👋 Hi, Luiza Jarovsky here. Read about my work, invite me to speak, tell me what you've been working on, or just say hi here.
This week's edition is sponsored by Containing Big Tech:
From our sponsor: The five largest tech companies - Meta, Apple, Amazon, Microsoft, and Google - have built innovative products that improve many aspects of our lives. But their intrusiveness and our dependence on them have created pressing threats, including the overcollection and weaponization of our most sensitive data and the problematic ways they use AI to process and act upon our data. In his new book, Tom Kemp eloquently weaves together the threats posed by Big Tech and offers actionable solutions for individuals and policymakers to advocate for change. Order Containing Big Tech today.
🔥 Privacy lawsuits against OpenAI
We are not even a year into the current AI hype - started in November 2022, when ChatGPT was made available to the public - and lawsuits are popping up, including privacy lawsuits.
Below are two examples that are extremely interesting for the intersection of privacy & AI and the emerging challenges we are observing in the last few months.
[observation for non-lawyers: the Defendants are OpenAI and Microsoft; the Plaintiffs are the authors of the lawsuit, you can see their identification at the top of the lawsuit]
Lawsuit 1 - June 28, 2023
Interesting quote:
“(…) this secret and unregistered scraping of internet data, for Defendants’ own private and exorbitant financial gain, without regard to privacy risks, amounts to the negligent and otherwise illegal theft of personal data of millions of Americans who do not even use AI tools. These individuals (“Non-Users”) had their personal information scraped long before OpenAI’s applications were available to the public, and certainly before they could have registered as a ChatGPT user. In either case, no one consented to the use of their personal data to train the Products.” (pages 36-37)
Lawsuit 2 - September 9, 2023
Interesting quote:
“(iii) Control: Defendants must allow Product users and everyday internet users to opt out of all data collection and they should otherwise stop the illegal taking of internet data, delete (or compensate for) any ill-gotten data, or the algorithms which were built on the stolen data, and before any further commercial deployment, technological safety measures must be added to the Products that will prevent the technology from surpassing human intelligence and harming others.” (pages 7-8)
*
Scraping
One of the central topics in these lawsuits is scraping. For those not aware, large language models behind AI-based chatbots, such as ChatGPT, rely on web scraping, which can be defined as “the process of extracting data from a specific web page. It involves making an HTTP request to a website’s server, downloading the page’s HTML and parsing it to extract the desired data.”
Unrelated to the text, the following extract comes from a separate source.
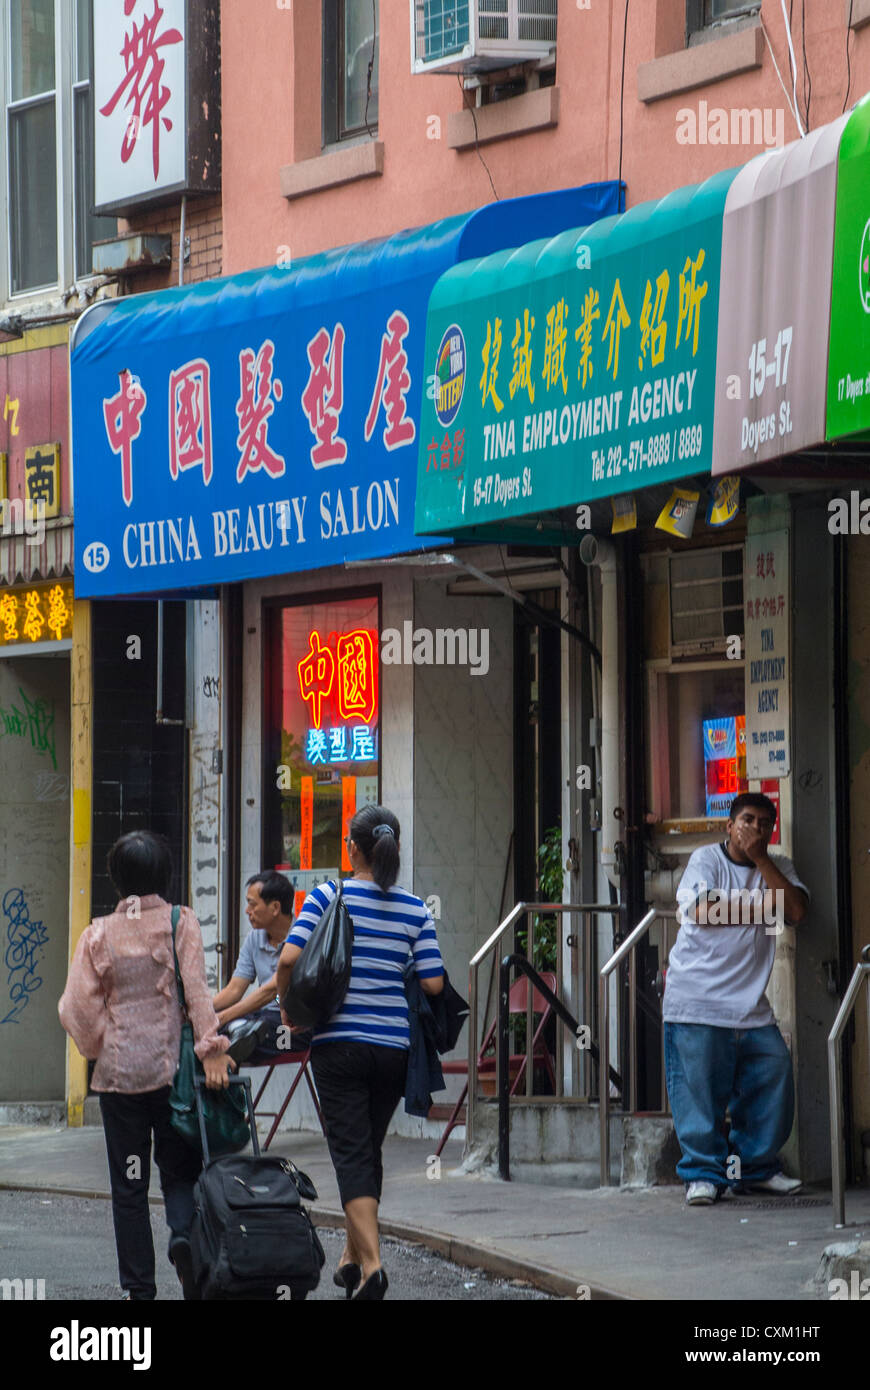 New York, NY, USA, Chinese Shop Signs, Barber Shops, Fronts, Beauty Salons, Street Scenes, Chinatown, Manhattan, busy city street united states Stock Photo

From a privacy and data protection perspective, scraping in this case is problematic as they collected personal data - including sensitive data - without lawful grounds and are exploiting it commercially. This personal data was used to train the model, and it is now an integral part of this model and the outputs that come from it.
People who posted any content online - all of us - did not give consent to have our data used to train AI-based models that are now being deployed commercially and even integrated into more traditional products, as it is happening within Microsoft.
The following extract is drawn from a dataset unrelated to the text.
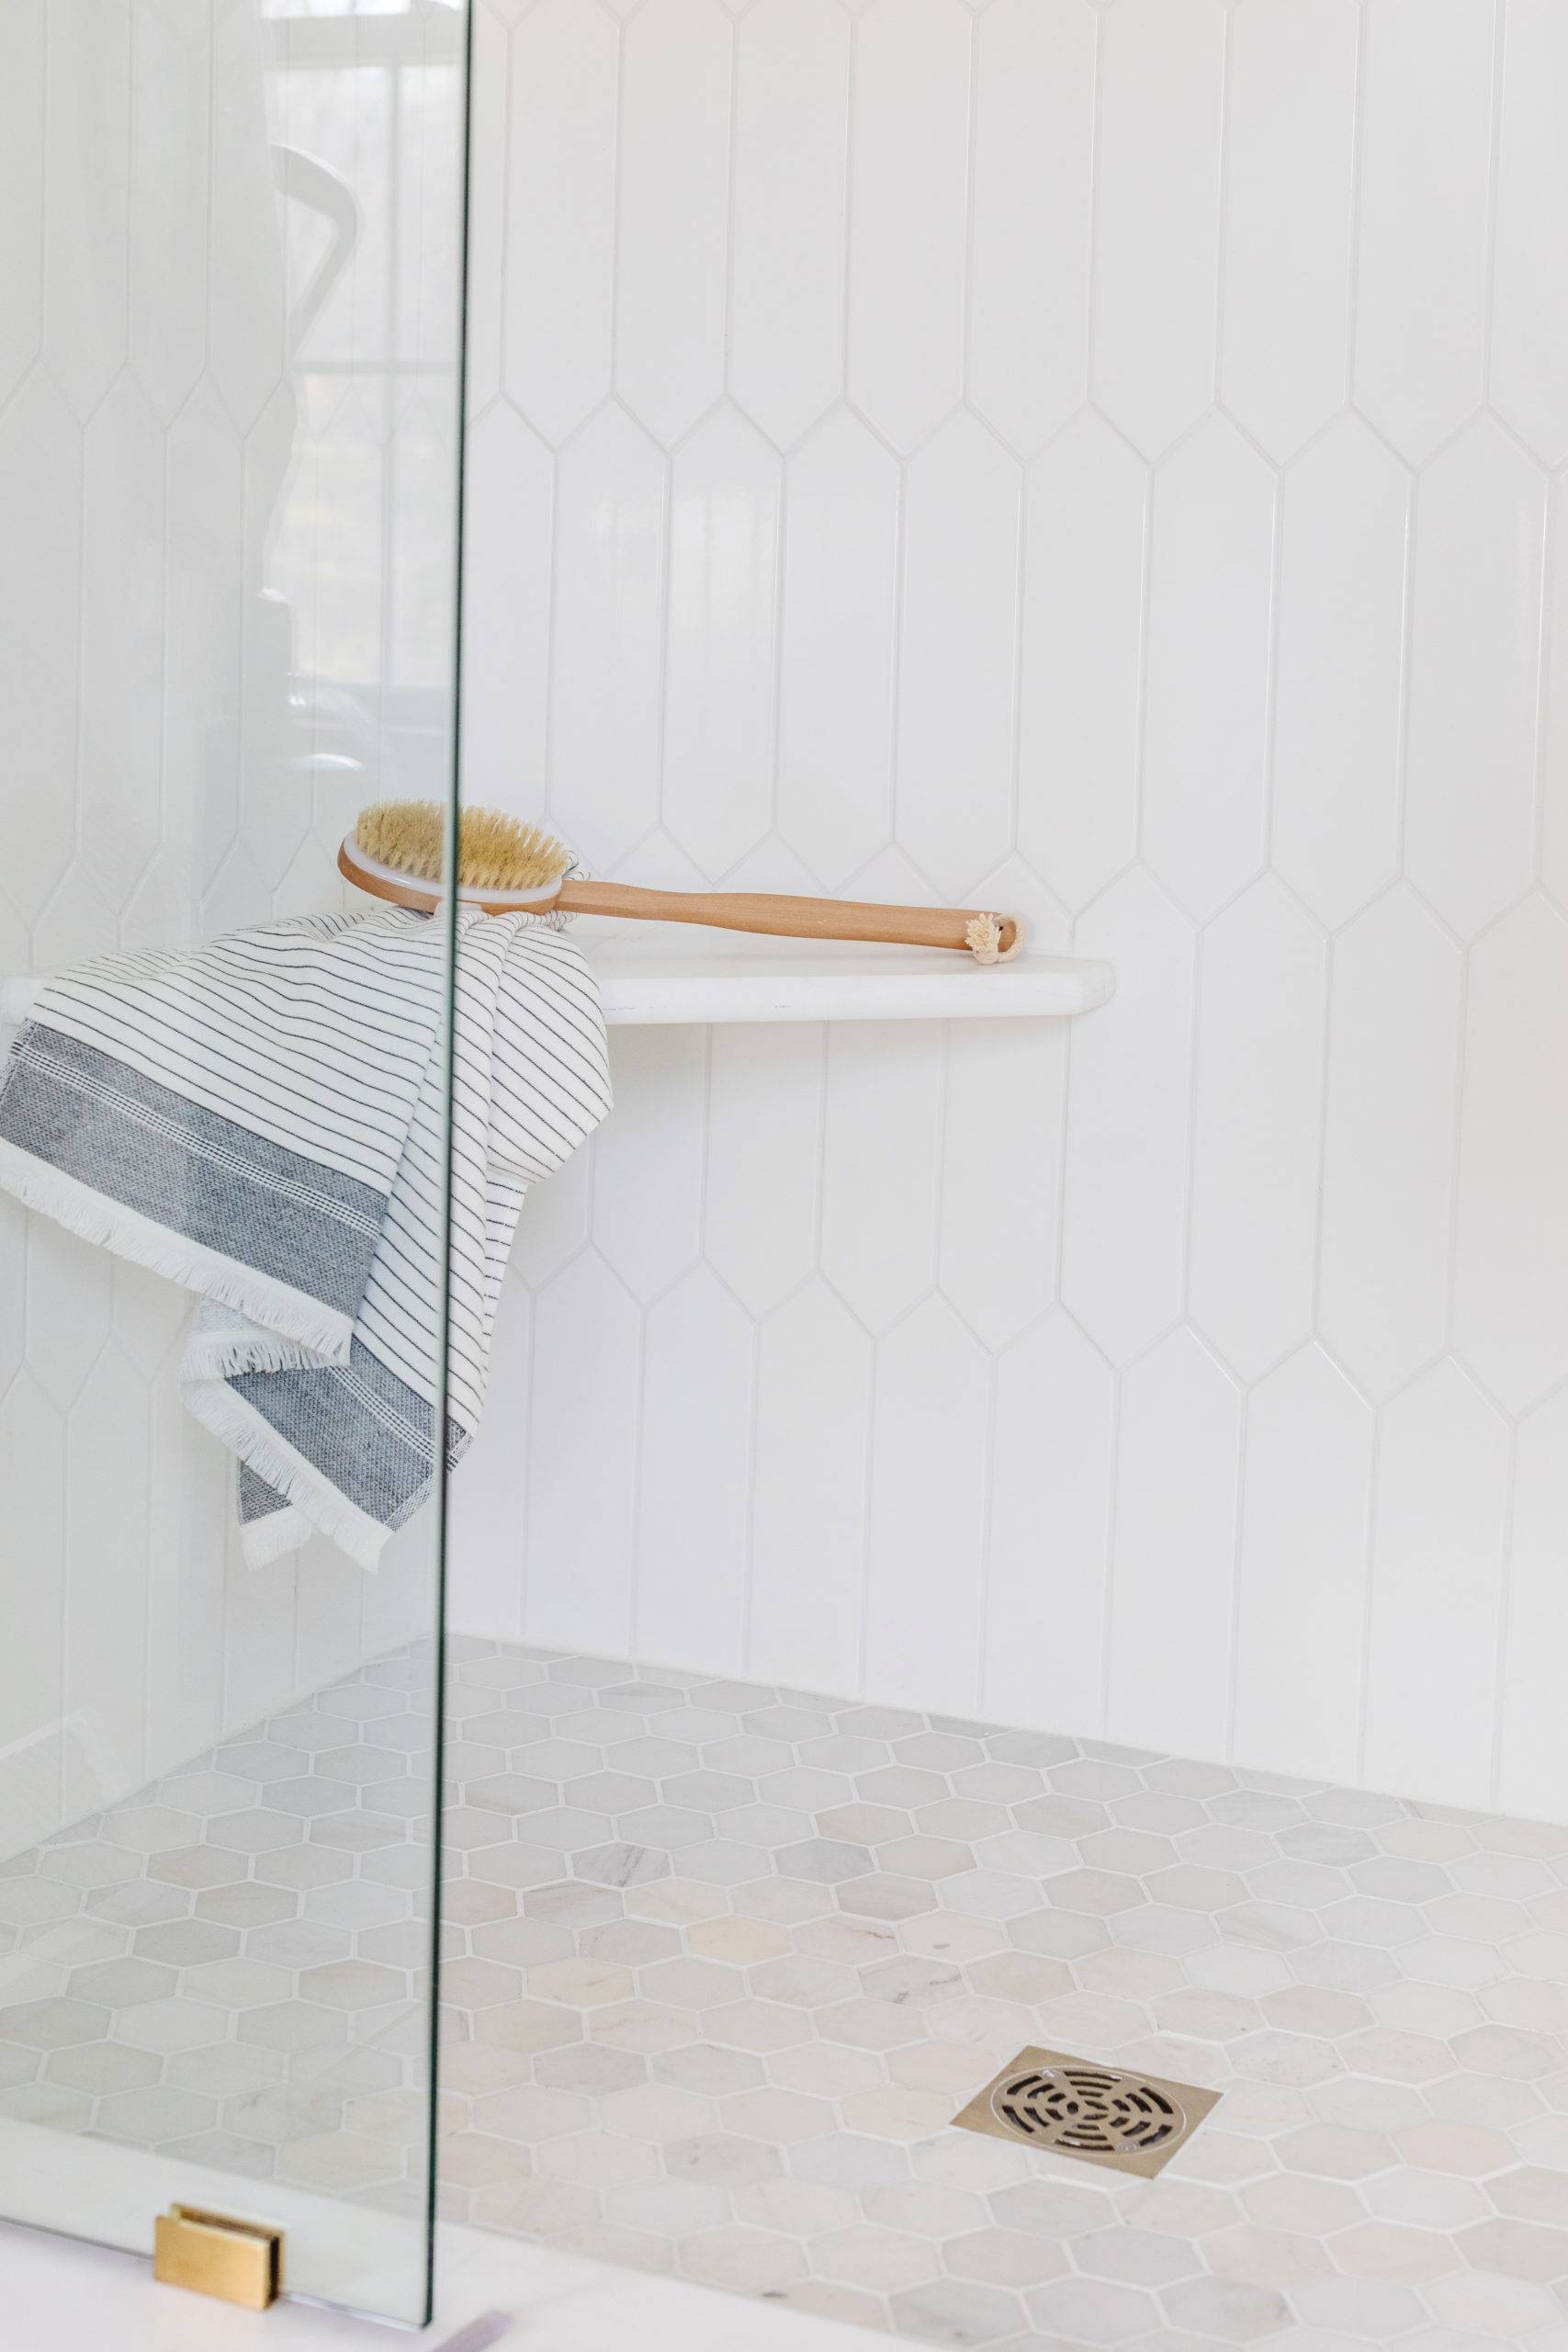 Tiled bathroom shower with white picket wall tile and marble hex mosaic flooring

The second lawsuit I cited above is very detailed regarding OpenAI's data sources and issues involved in scraping the data. Readers who want to learn more should read section C “ChatGPT’s Development Depends on Secret Web-Scraping,” on pages 20-25.
The criticism of scraping comes back to the idea of contextual integrity, proposed by Prof. Helen Nissembaum (article and book). Privacy involves respecting the original context and the set of norms around it. As Nissembaum says:
“Contextual integrity ties adequate protection for privacy to norms of specific contexts, demanding that information gathering and dissemination be appropriate to that context and obey the governing norms of distribution within it.”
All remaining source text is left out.